Instead, I prefer to exfiltrate information from the silos(apps, formats, etc) and put them into my note taking system. Then I can do highlights, annotations, etc. on my own terms and also get the benefits of centralization such as searching and linking(the OP has another post describing their own system, which is pretty cool[1]). Currently I'm using Notion, which is also a silo of its own, but it's one that gives me a lot of control over how I lay my information out(and an escape plan from).

There are a lot of perspectives on this issue with data silos and walled gardens. But I'm of the opinion that it's a fairly bad state for all of us "end users". Computers to me are about infinite flexibility and malleability, but ironically the tools we have for annotation and remixing are in practice worse than what we have in the physical world. Reading a book in the physical world, I can converse with the author simply by jotting marginalia with my pencil. It's fluid, intuitive, and the medium of paper encourages it(in fact it can't help but be mutated by my use!: pages get bended, stained, torn, etc.). If I want to go further I can add post-it notes to mark interesting passages, I can xerox some pages and create subsections, if it's a magazine I can just tear them all out! That kind of flexibility just isn't available on a computer.

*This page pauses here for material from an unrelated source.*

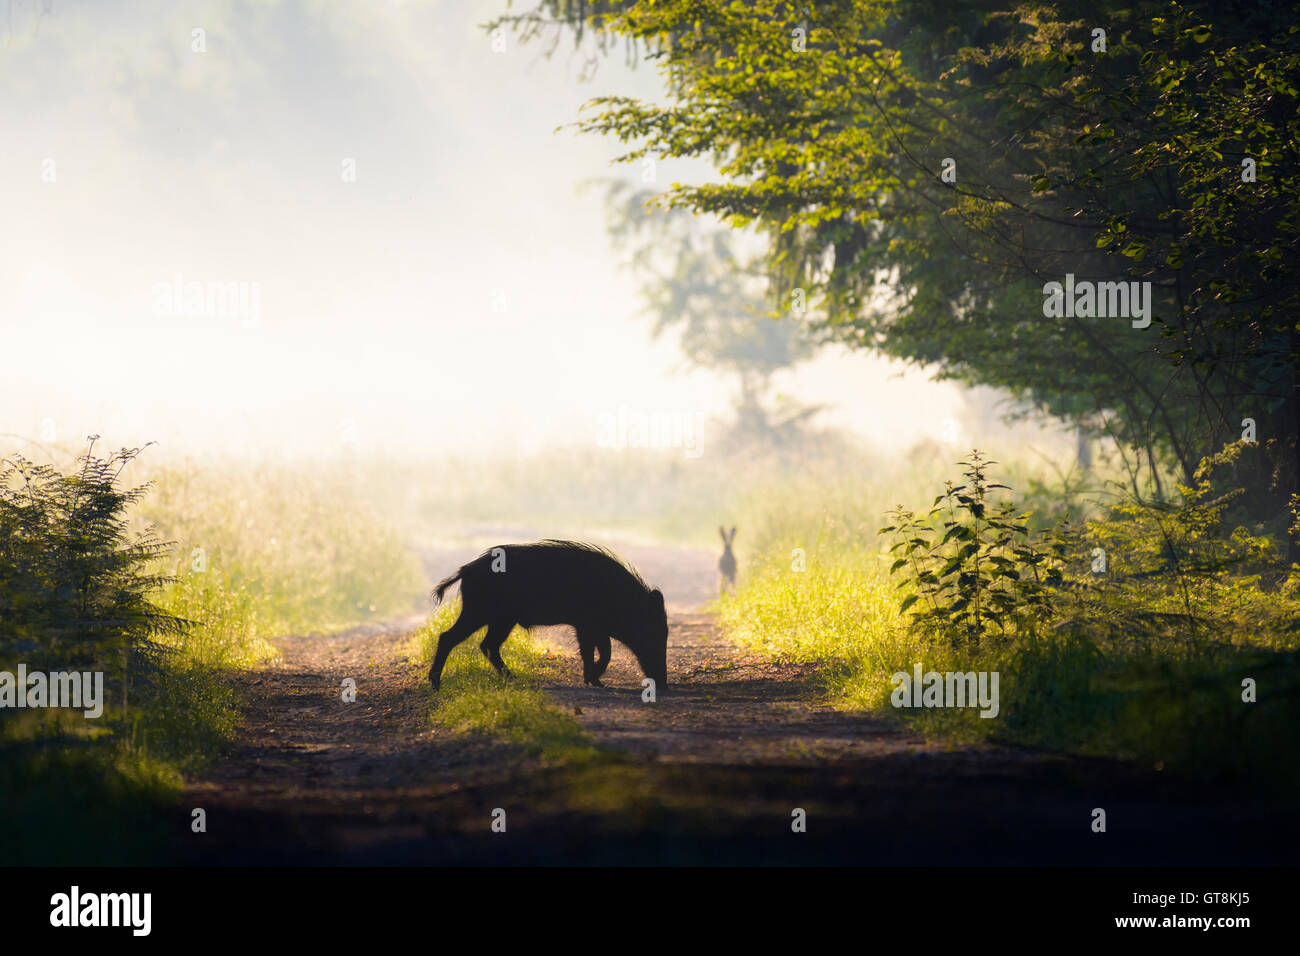 Silhouette of wild boar on a dirt road on a misty morning with European Brown Hare looking on in the background, Hesse, Germany Stock Photo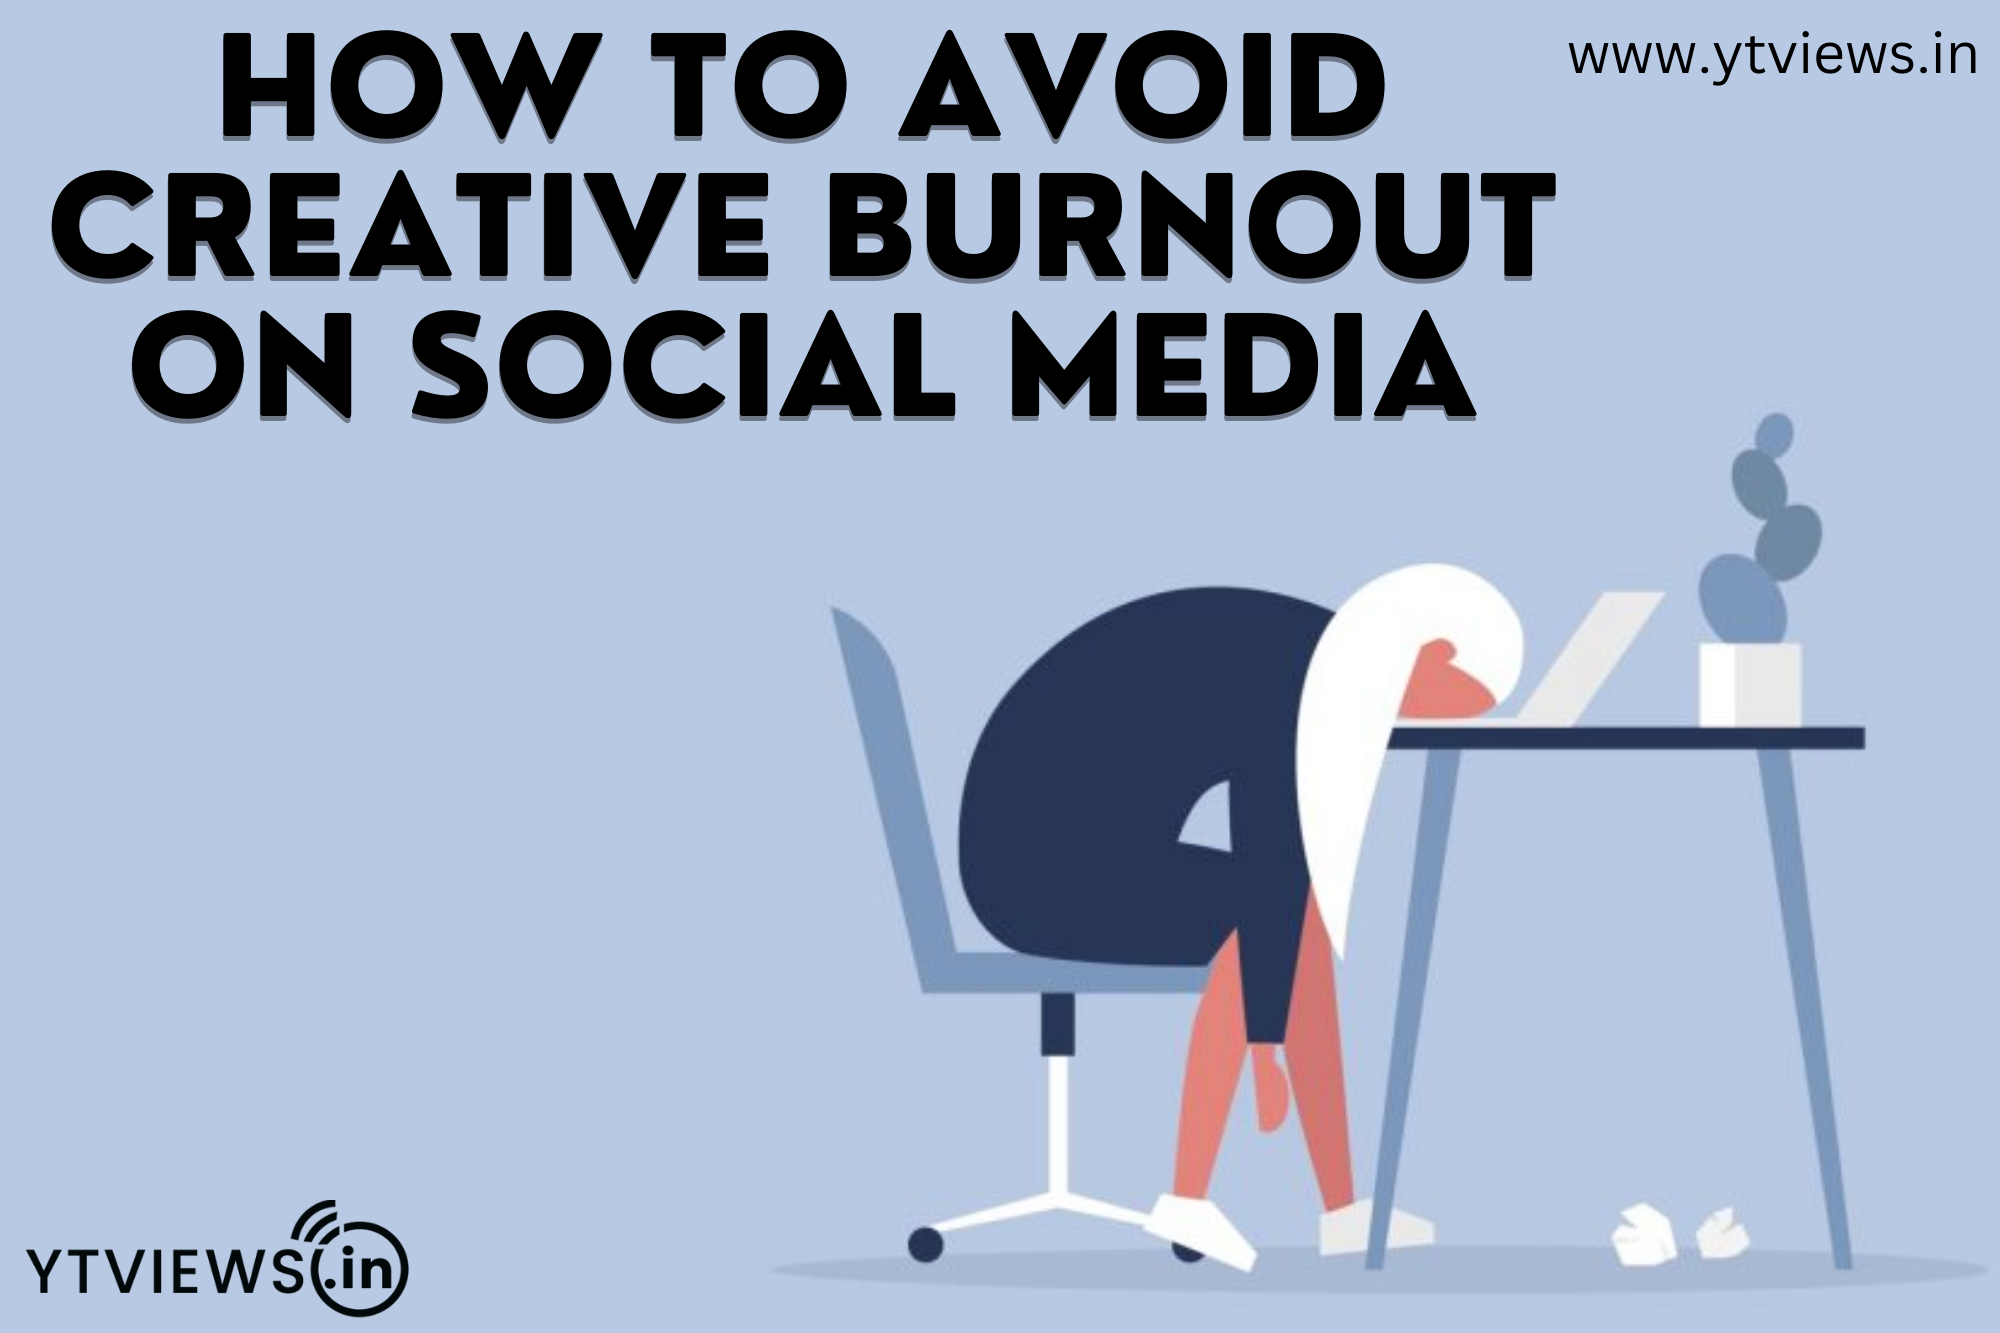 How to avoid creative burnout on social media

I think it's worth thinking really hard why we're in this state, especially since computing pioneers were actually very optimistic that data and computing would be way more personally malleable than it is now(I've been working on a small comic on this theme myself[2]). For example, check out this short demo[3] of Smalltalk where Alan Kay hooks up a single frame from an animation of a bouncing ball to a painting program, to modify that one frame while also monitoring the loop. Smarter than paper, but way more flexible.

My own thinking lately has been that developers need to think more about how their apps, like your PDF viewer, could cooperate with other apps to achieve our goals. All sorts of deep questions spring forth from here: "what is the best inter-communication system for them to cooperate with?", "how do you design them to intuitive?", "how can you make the UX as good as 'packaged apps'?". And looking at the history of personal computing, these are fairly old questions. The Unix Philosophy provides us with some clues, and its success, even in the smaller world of developer-oriented computing, gives us some hope.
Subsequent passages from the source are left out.